◆ **Source records**

--- START ---

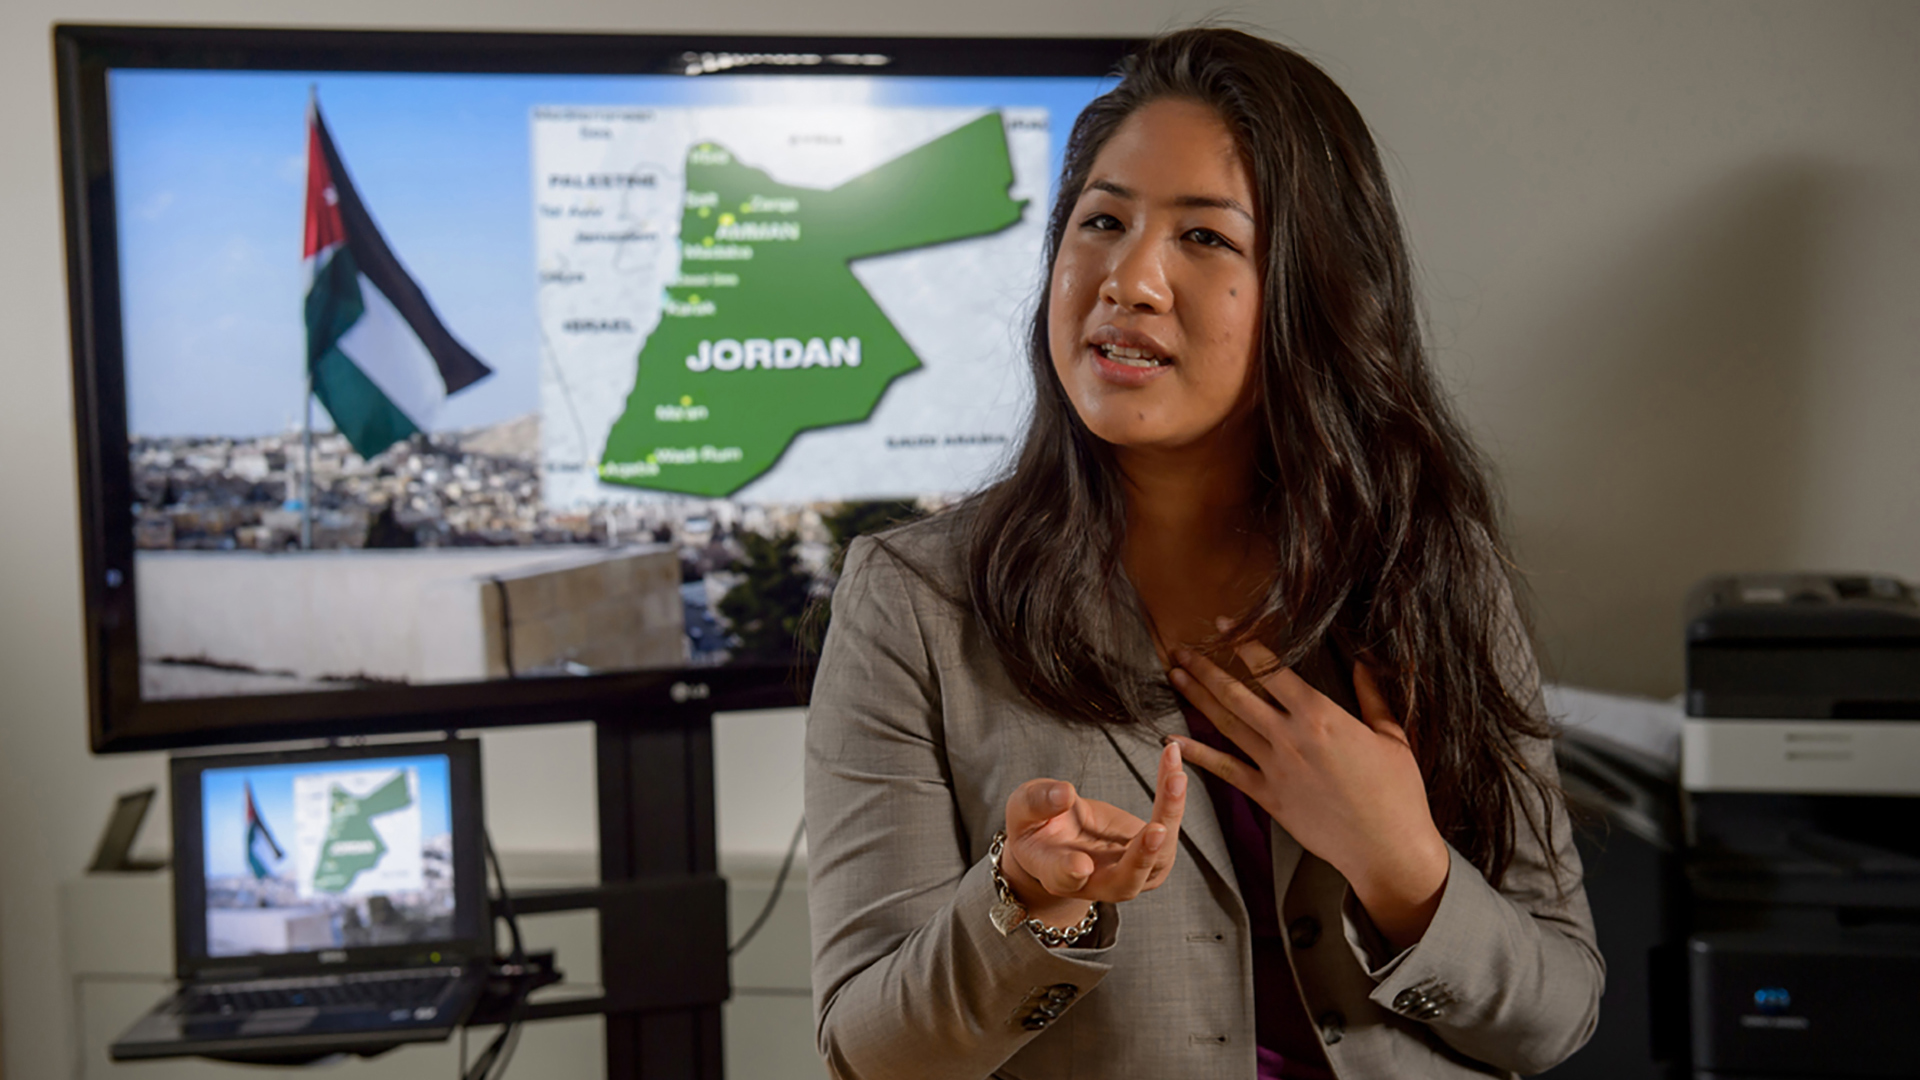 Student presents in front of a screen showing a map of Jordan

--- END ---
--- START ---

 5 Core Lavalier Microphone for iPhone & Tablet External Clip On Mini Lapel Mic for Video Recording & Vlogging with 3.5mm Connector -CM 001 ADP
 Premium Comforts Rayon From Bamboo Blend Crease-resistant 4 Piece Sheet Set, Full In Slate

--- END ---

◆ **Work item**
Please reproduce exactly the lines in the listing above from the one containing "5 Core Lavalier" through the one containing "Premium Comforts Rayon", both included, and nothing more.

◆ **Result for this exercise**
 5 Core Lavalier Microphone for iPhone & Tablet External Clip On Mini Lapel Mic for Video Recording & Vlogging with 3.5mm Connector -CM 001 ADP
 Premium Comforts Rayon From Bamboo Blend Crease-resistant 4 Piece Sheet Set, Full In Slate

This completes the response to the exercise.